Li J, Ching T, Huang S, Garmire LX - BMC Bioinformatics (2015)

Bottom Line: Among the dropping-off tests of individual data-type based features, removal of CpG methylation feature leads to the most reduction in model performance.In the best model, 19 selected features are from the promoter regions (TSS200 and TSS1500), highest among all locations relative to transcripts.Sequential dropping-off of CpG methylation features relative to different regions on the protein coding transcripts shows that promoter regions contribute most significantly to the accurate prediction of gene expression.

View Article: PubMed Central - HTML - PubMed

ABSTRACT

Background: Epigenetic alterations are known to correlate with changes in gene expression among various diseases including cancers. However, quantitative models that accurately predict the up or down regulation of gene expression are currently lacking.
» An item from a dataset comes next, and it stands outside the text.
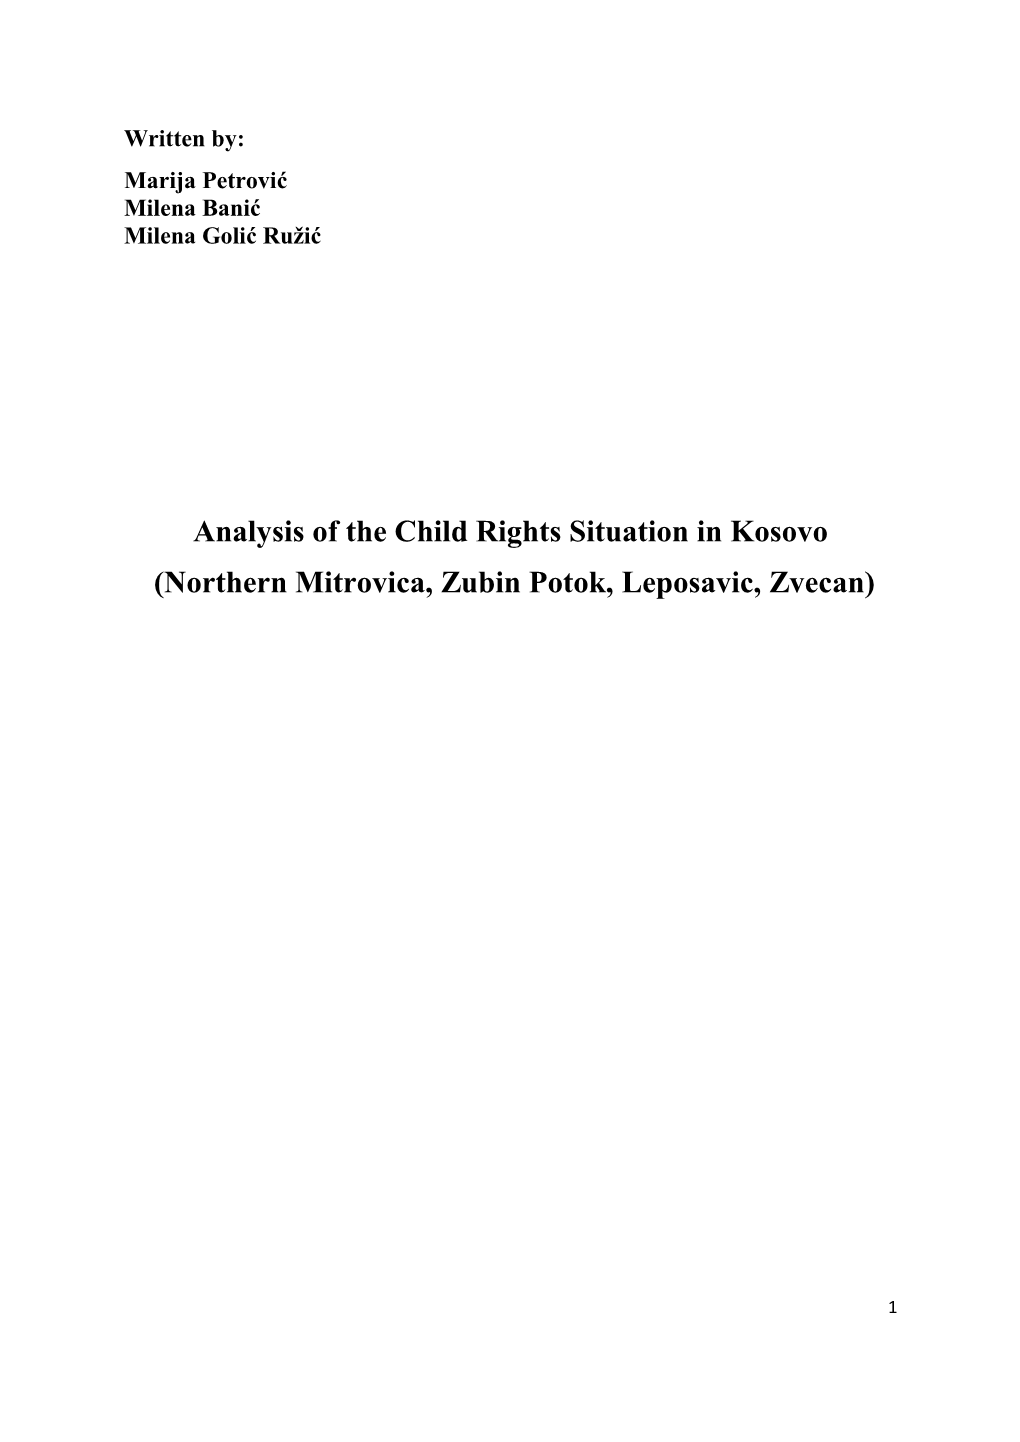 Analysis of the Child Rights Situation in Kosovo (Northern Mitrovica, Zubin Potok, Leposavic, Zvecan)

Methods: A new machine learning-based method of gene expression prediction is developed in the context of lung cancer. This method uses the Illumina Infinium HumanMethylation450K Beadchip CpG methylation array data from paired lung cancer and adjacent normal tissues in The Cancer Genome Atlas (TCGA) and histone modification marker CHIP-Seq data from the ENCODE project, to predict the differential expression of RNA-Seq data in TCGA lung cancers. It considers a comprehensive list of 1424 features spanning the four categories of CpG methylation, histone H3 methylation modification, nucleotide composition, and conservation. Various feature selection and classification methods are compared to select the best model over 10-fold cross-validation in the training data set.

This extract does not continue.